The exercise of agreeing and now defending their budget will bind the administration closer.

The Government will become more coherent. But to what end?

The budget they produced yesterday had been heavily flagged in advance, with measures such as general social welfare increases, a new payment for childcare, help for first-time buyers, cuts to USC and inheritance tax and money to hire more gardaí, teachers and nurses either announced previously or leaked in recent days and weeks.

What was immediately noticeable was that the package was bigger than had been anticipated.

The fiscal space available for the budget-day package expanded by 20 per cent, or some €200 million, in recent weeks.

Capital spending

There are increases in capital spending spread over a number of years, and there will be supplementary estimates later in the year for capital requirements in transport and the Christmas bonus for welfare recipients.

Added to the previously announced spending increases, chairman of the Fiscal Advisory Council John McHale estimates that the total budgetary package, between spending increases and tax cuts, is some €3 billion bigger than last year.

Prof McHale had previously described the Government’s (then smaller) budget plans as “at the limit of prudent policies”.

The council will make its report on the budget in several weeks, but it seems likely to view the actual budget to be outside the limits of prudent policies.

Prof McHale has said the size of the package was “a matter of concern”.

Although gardaí, nurses, many teachers and other public servants are seeking immediate pay increases, there is no provision in next year’s estimates for anything beyond those contained in the Lansdowne Road Agreement, which will cost just under €300 million.

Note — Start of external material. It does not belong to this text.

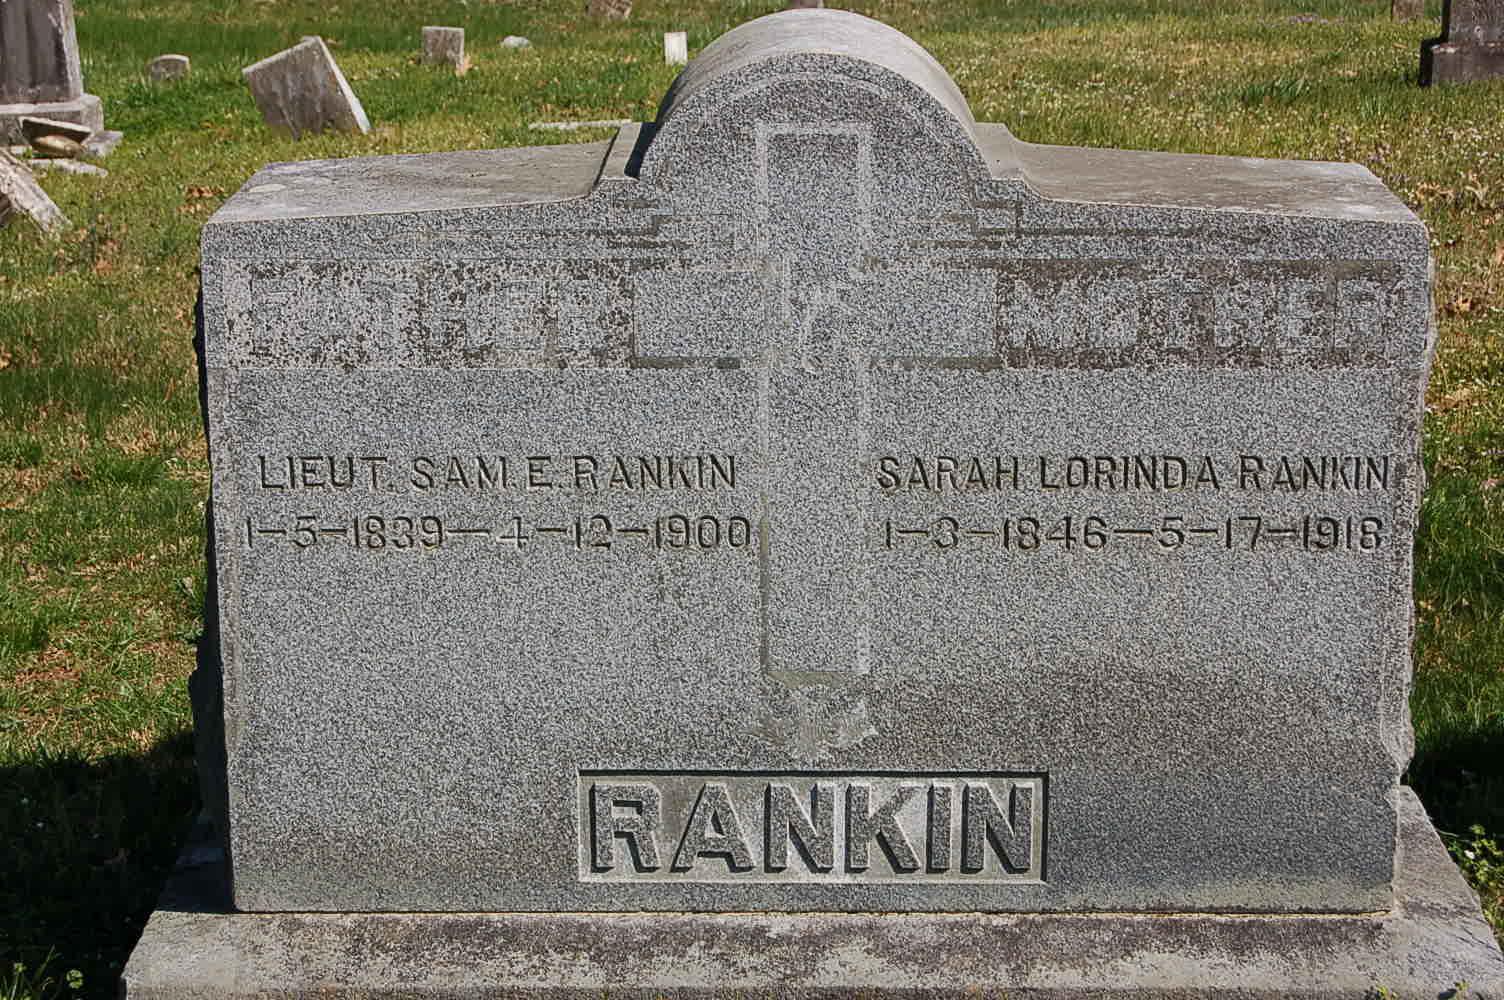 Samuel Edward Rankin

However, total spending on public sector pay will rise by €660 million, as almost 7,000 more public servants are hired.

During the years of austerity, the number of public servants fell sharply. They are now on the way up.

Some of this increase – recruiting teachers because we have more schoolchildren – is driven by demographics. But not all of it; some of it is just driven by political pressure.

And this is the other most conspicuous aspect of Budget 2017 – the extent to which the Government demonstrated its receptiveness to political pressure.

The expansion of the budget in recent days was facilitated by changes in the way Government finances are calculated, but it was driven by politics.

Looked at as an exercise in economic and fiscal management, the concentration on the budget is wildly disproportionate, as many commentators have noted.

We obsess over how Michael Noonan and Paschal Donohoe will spend the extra billion euro while paying scant attention to how they spend the other €55 billion. And that's true insofar as it goes, but to leave it at that is to misunderstand the political role of the budget as the primary means of expression of a government's will, its character, its estimation of its own capacity.

This budget is politically reactive, seeking to reflect the public mood and meet the demands of interest groups rather than proactively set out an economic and political direction for the coming years.

Pressing needs

Its signal policy departures such as the childcare and first-time buyers’ initiatives are efforts to deal with pressing needs in society, but they sit beside the political imperative to give something to everyone in the audience.

Many measures were driven by the fear of not doing them.

Although resources are becoming available to this Government, its will is dissipated, its capacity compromised.

Although it achieved a milestone on the day, such a government will find future budgets even more difficult.